The two proposals foresee a reinforcement of the sanctioning powers of the competent authorities by introducing a set of minimum principle-based rules to strengthen administrative sanctions and a requirement for them to coordinate actions when dealing with cross-border cases.

The European Commission organised a public hearing on 15 March 2013 where the main changes in the international framework as well as the 4th AML Directive were debated among various groups of stakeholders.

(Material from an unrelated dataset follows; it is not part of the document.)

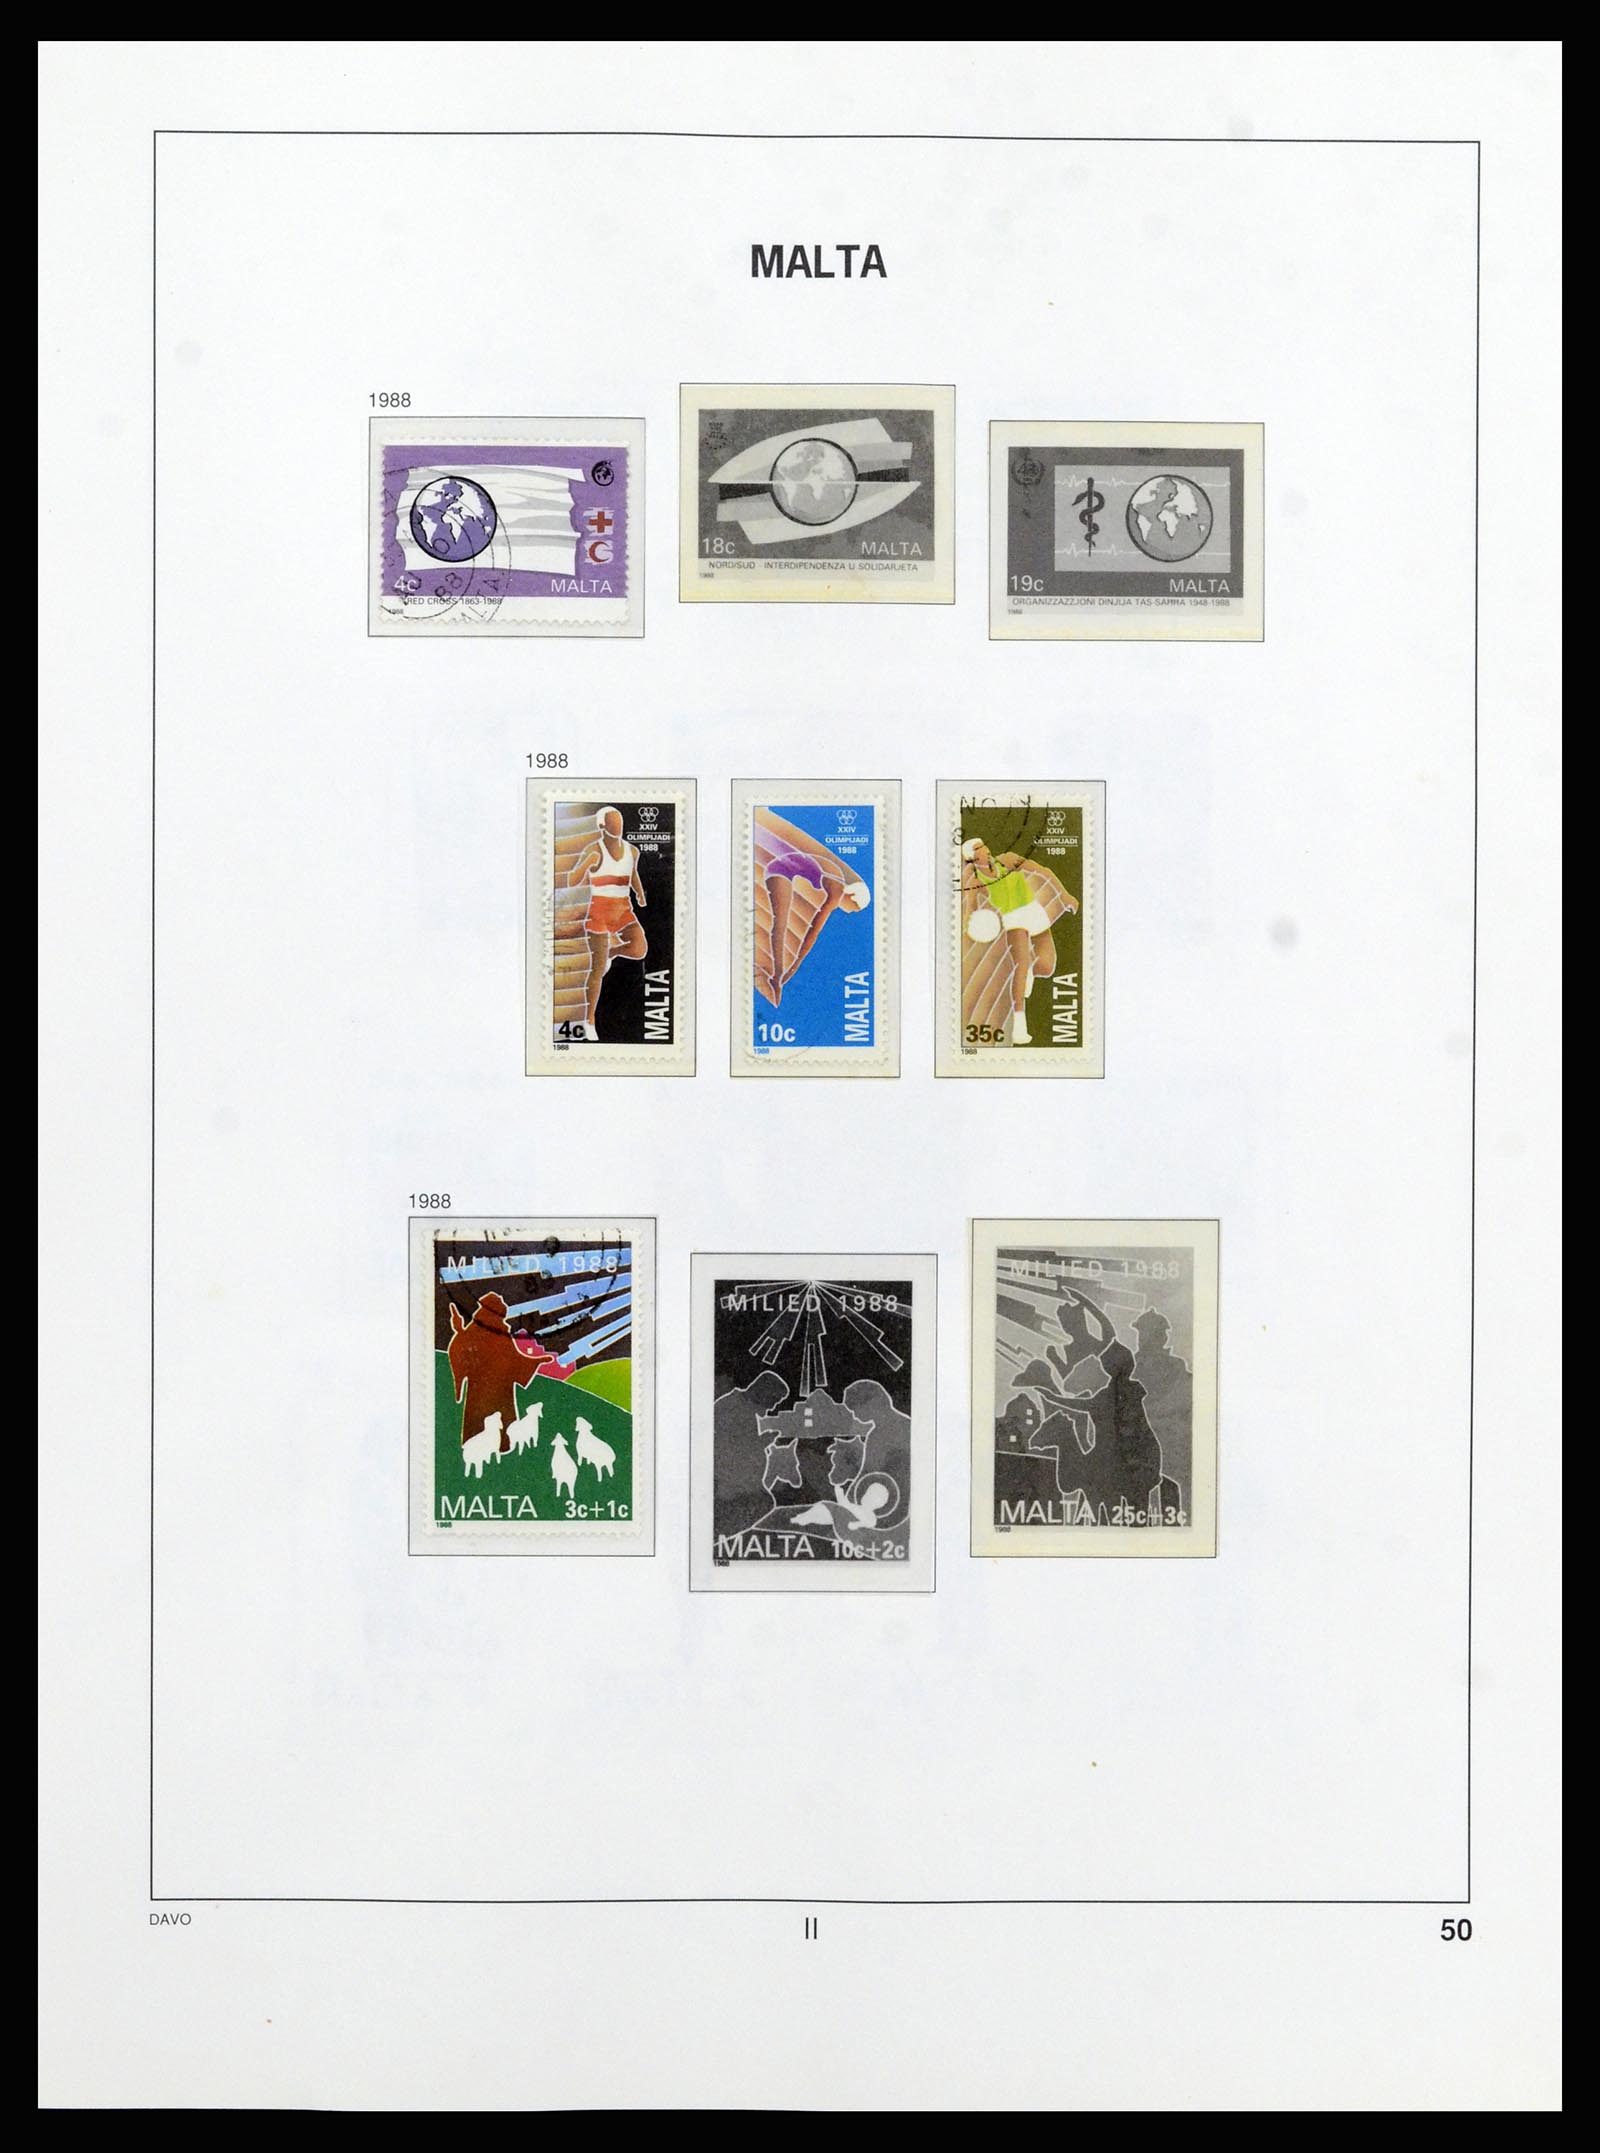 37212 074 - Stamp collection 37212 Malta 1863-1989.
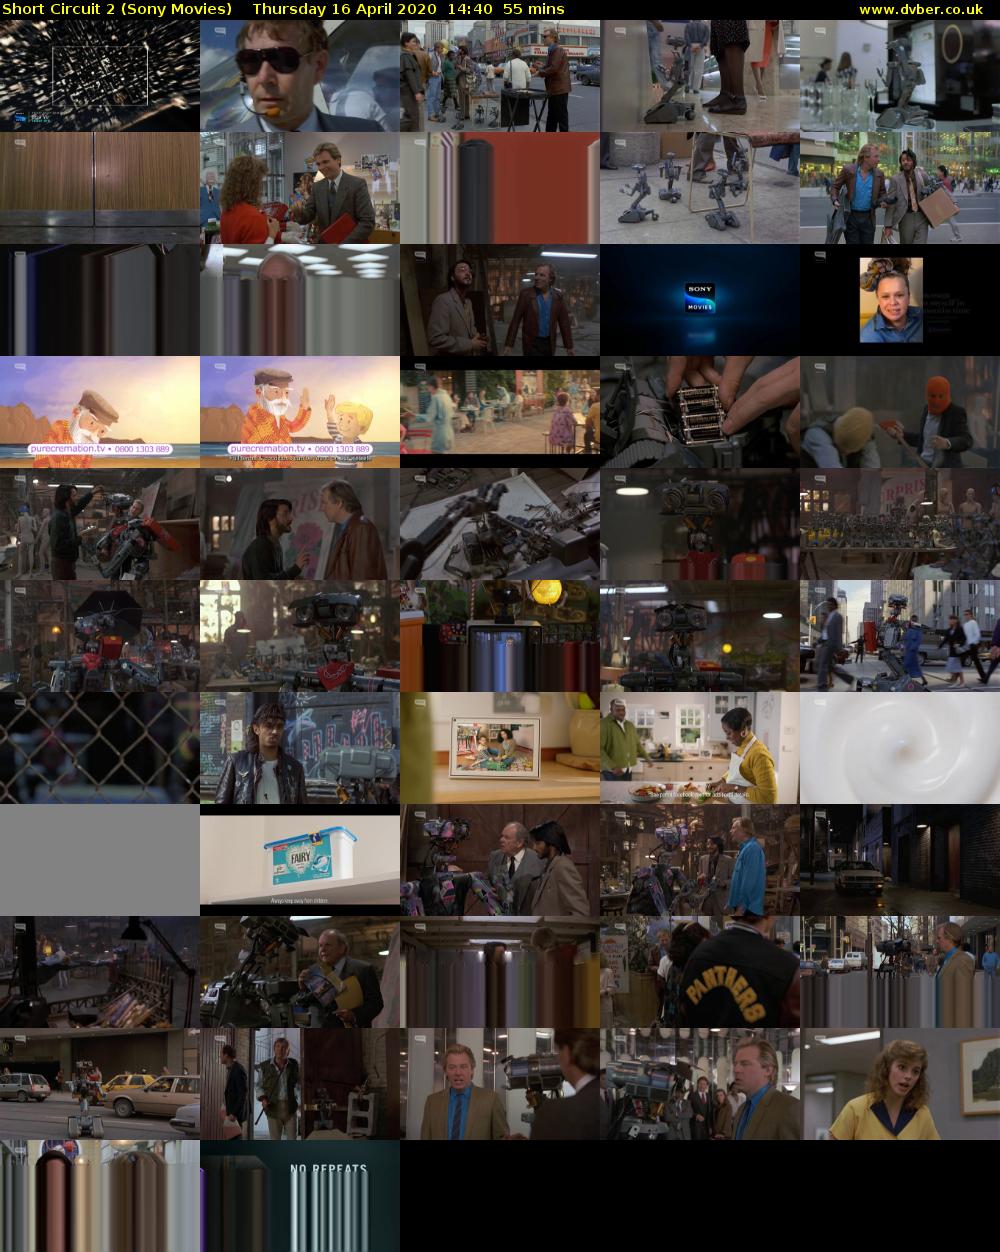 Short Circuit 2 (Sony Movies) Thursday 16 April 2020 14:40 - 15:35

The next steps will involve the two proposals being adopted by the European Parliament and the Council of Ministers under the ordinary legislative procedure.

Footnotes

1 "consumer" means any of the following:

a) a person or group of persons, but not an incorporated body with an annual turnover in excess of €3 million in the previous financial year (for the avoidance of doubt a group of persons includes partnerships and other unincorporated bodies such as clubs, charities and trusts, not consisting entirely of bodies corporate); or

b) incorporated bodies having an annual turnover of €3 million or less in the previous financial year (provided that such body shall not be a member of a group of companies having a combined turnover greater than the said €3 million);

and includes where appropriate, a potential 'consumer' (within the meaning above).

2 The FSO can deal with complaints from personal customers of financial services providers, Limited Companies with turnovers of less than €3 million as well as Charities, club trusts and partnerships.

The content of this article is intended to provide a general guide to the subject matter. Specialist advice should be sought about your specific circumstances.